Nostr Web Client

I'm always a bit torn about stuff like this. On the one hand, CRT is cool and it's even cooler that people have made successful attacks on real world systems using these so-called 'twist attacks' (basically the fuck up is to not check is the "point" you're provided, is actually on the curve).

https://github.com/christianlundkvist/blog/blob/master/2020_05_26_secp256k1_twist_attacks/secp256k1_twist_attacks.md

But, on the other hand, calling it a danger when using secp256k1 for encryption seems a bit wrong when the danger is specifically that you *didn't* use secp256k1!
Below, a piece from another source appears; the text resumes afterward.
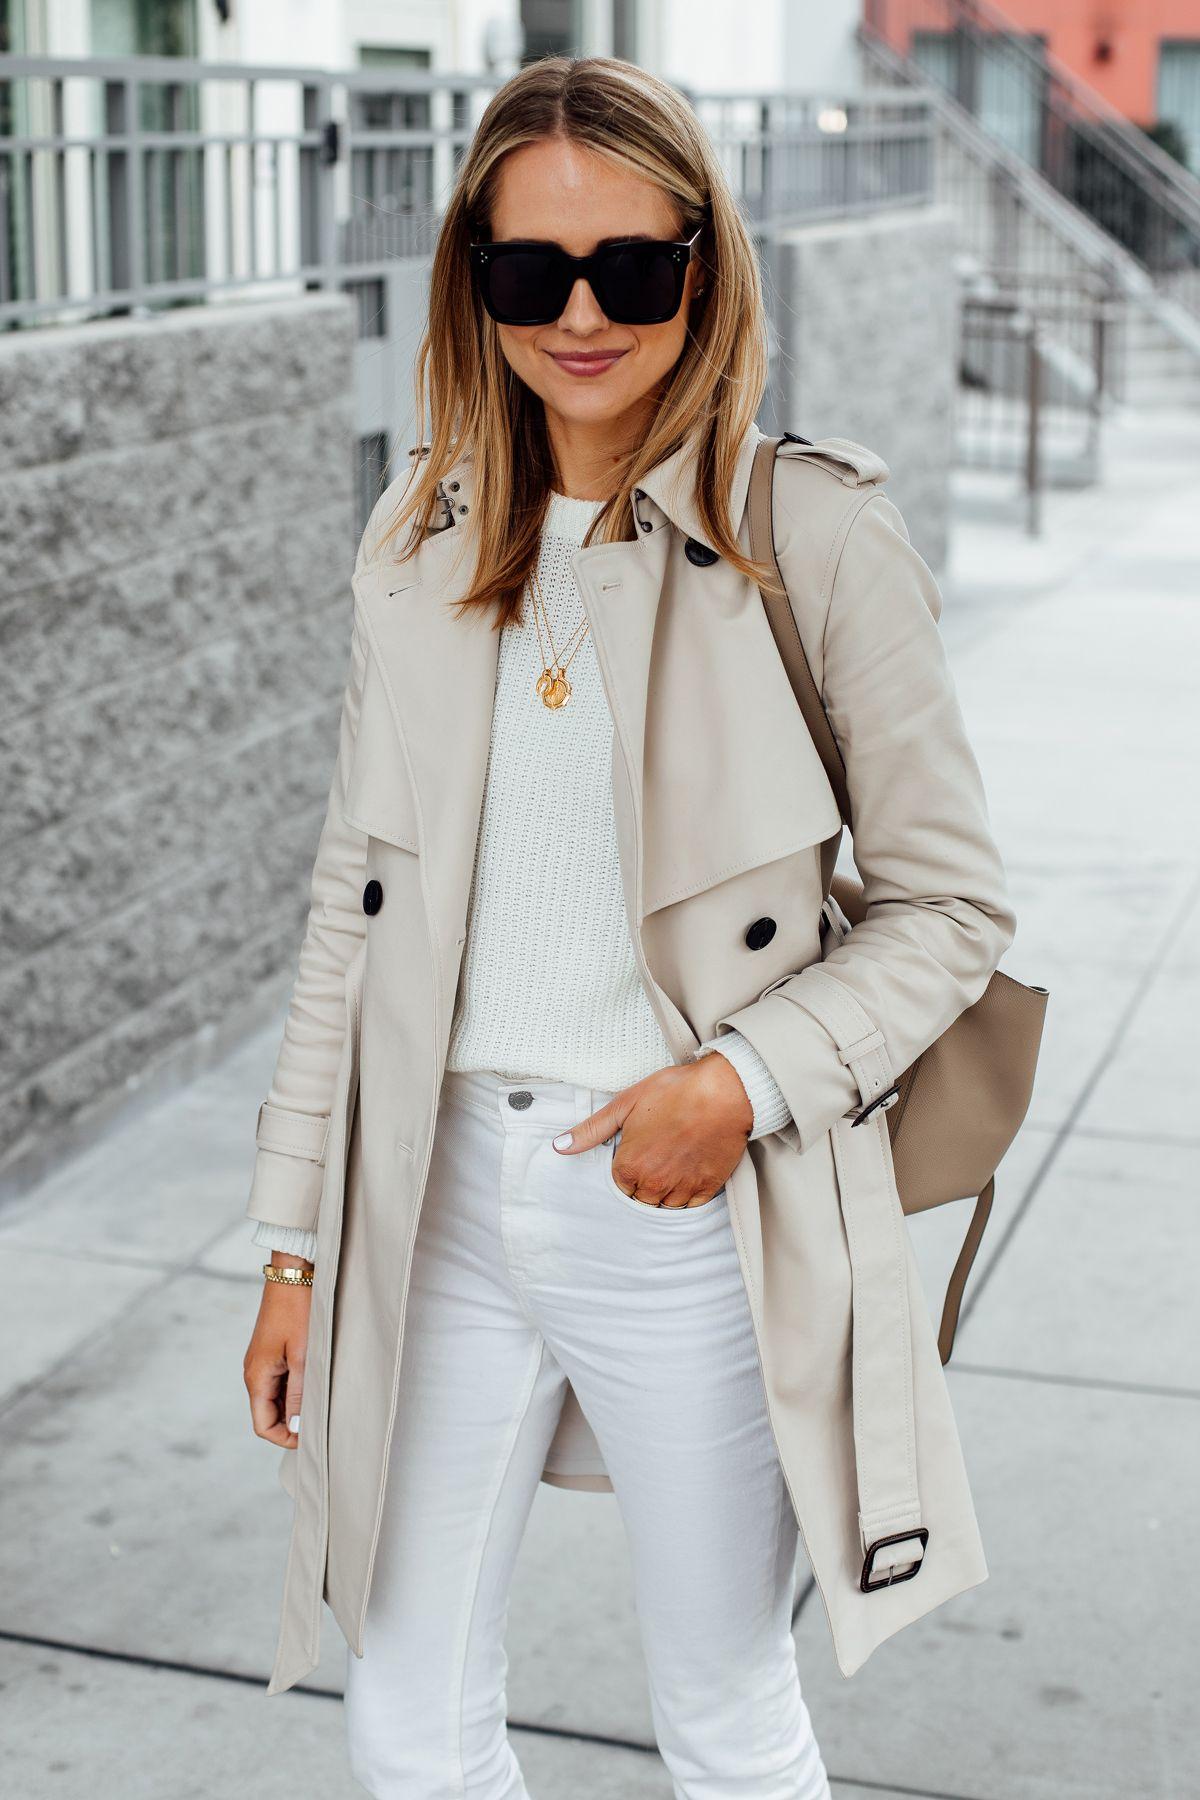 Fashion Jackson Wearing Club Monaco Trench Coat White Sweater White Jeans Celine Mini Belt Bag 1 Fashion Jackson Coat Outfits Trench Coat Outfit [ 1800 x 1200 Pixel ]

Indeed the substance of this attack is to exploit the fact that if a curve group has small subgroups, you can apply CRT to get info about secret keys. But secp256k1 doesn't have *any* subgroups. So the attack depends on the victim not checking if an externally given public key, is actually on secp256k1. Combining that key in a DH type exchange leads to naughtiness.

niftynei() 🇺🇸💸🧡 2y ago

ooh. can i fact check myself really fast? im working on my very short intro to elliptic curves for base58, and tell people in the video that the h=1 in the secp paper means exactly this: that there are no “subgroups” for the G group (i think i call them cycles). is that a correct explanation?

Reply to this note

Please Login to reply.

Discussion

niftynei() 🇺🇸💸🧡 2y ago

ok wow this article is shockingly close to what i came up with for the elliptic curve portion of the soon to be released base58 part 2 basics class ❤️ (also confirms my understanding of the subgroups + secp256k1 🙌)

niftynei() 🇺🇸💸🧡 2y ago

loved this detail wrt compressed keys

waxwing 2y ago

Yes indeed. 'Cofactor' is a bit of an obtuse term, i think it's related to the beautiful Lagrange's theorem. Or maybe i only think that because of the term 'coset'. Not sure.